Monday Memories – GFS Headquarters Part 6

ETHEL BURT CLUB

At the beginning of 1947 the Married Members’ Committee which had been formed in 1940 was renamed the ‘Ethel Burt Club’ with the permission of their much loved GFS President. (Later on, the club became the ‘Ethel Burt Townsend Fellowship’) Miss M. Milne Robertson was the Chairman and Mrs Boyes the Secretary in 1947 and they continued in those positions for many years. Meetings were held monthly and the membership grew from 35 to 77 in the next five years.

The programmes included drama, recitals and lectures.  The members trained as a choir under Mrs Bird, with Mrs Lappin as accompanist. They helped with the singing at the GFS Festival Services, as well as providing entertainment at various functions. The Ethel Burt Club was a great support group for any Diocesan functions, providing afternoon teas at sports days and exhibitions, as well as assisting with Leaders’ Teas.

It was a very happy club where lifetime friendships were made. The members brought their babies and young children to the meetings and the spacious hall and other areas provided wonderful opportunities for the young ones to play together. One of the special joys was that two generations of pre-schoolers shared these meetings with their mothers.

When the Headquarters building was sold in 1973 the club was no longer able to continue in the same way, but the links of friendship were strong and the remaining members continued to meet monthly over coffee to keep in touch, and did for many years after.

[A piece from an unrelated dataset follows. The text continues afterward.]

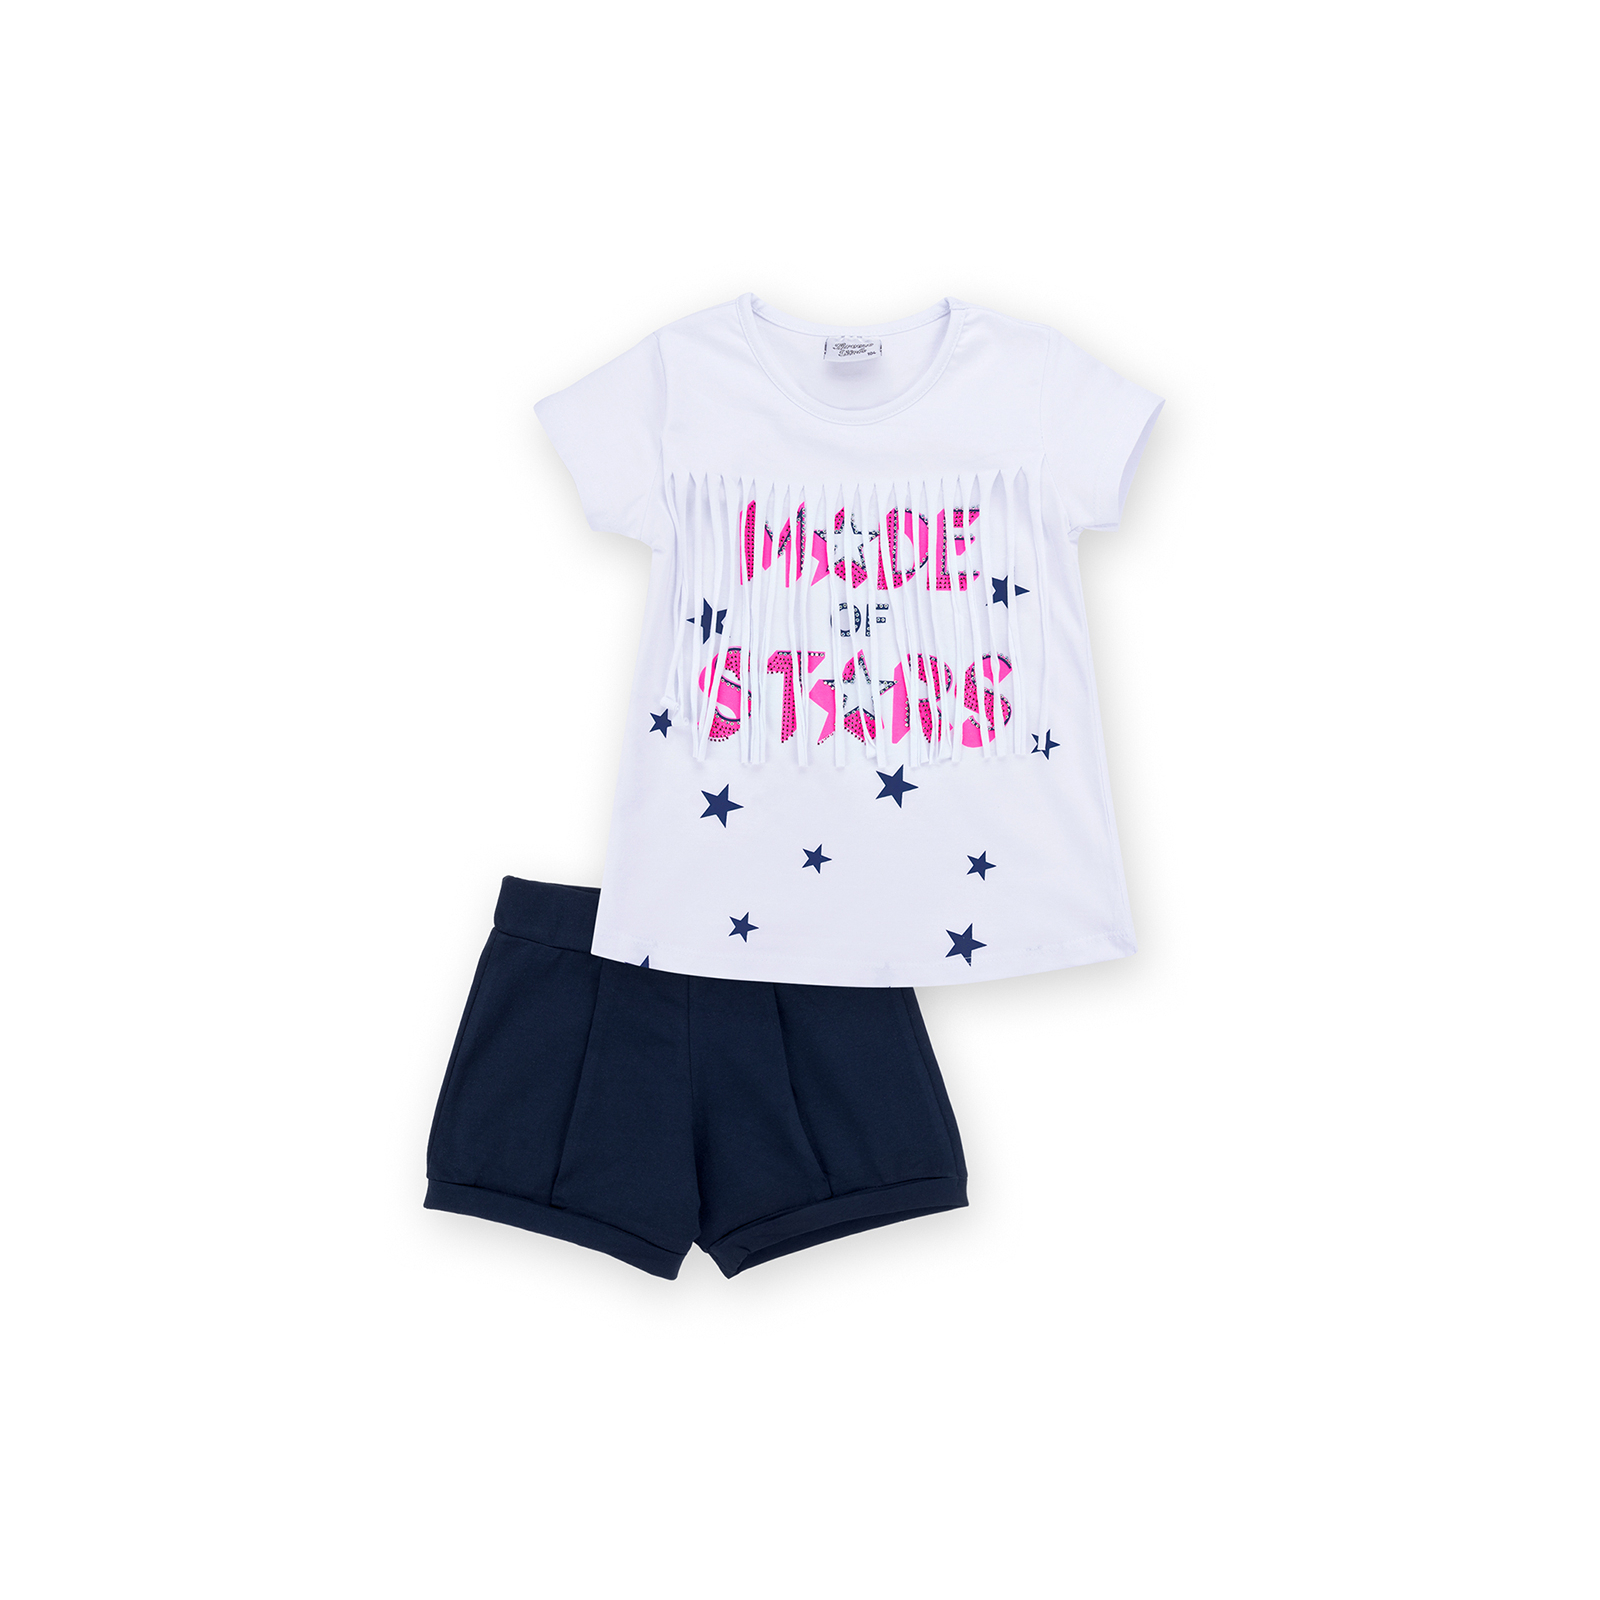 Набор детской одежды Breeze футболка со звездочками с шортами (9036-110G-pink)

HEADQUARTERS TOWNSEND FELLOWSHIP

The Headquarter s Townsend Fellowship was formed in 1948 for GFS members over twenty five years of age who were not attached to a branch. Miss Amy Woodbridge was the first President and Miss Rose Tuck the Secretary. Their programmes included speakers, visits to places of interest, ‘Cootie’ nights, socials and other activities. There was always strong support for GFS mission projects and they joined in all Diocesan activities. In the 1950s they supported a child at Sister Kate’s Home in Queens Park, which was an Anglican Home at that time, and made knitted clothes for her. They combined with the Orana Club for many events.  

A special project over a long period has been the support of Nulsen Haven – a home for the intellectually handicapped. Members have made large quantities of knitted garments and gift items for the residents and visit the home every year. In 1984 the Headquarters Townsend Fellowship group was presented with a certificate of appreciation for outstanding support for the home.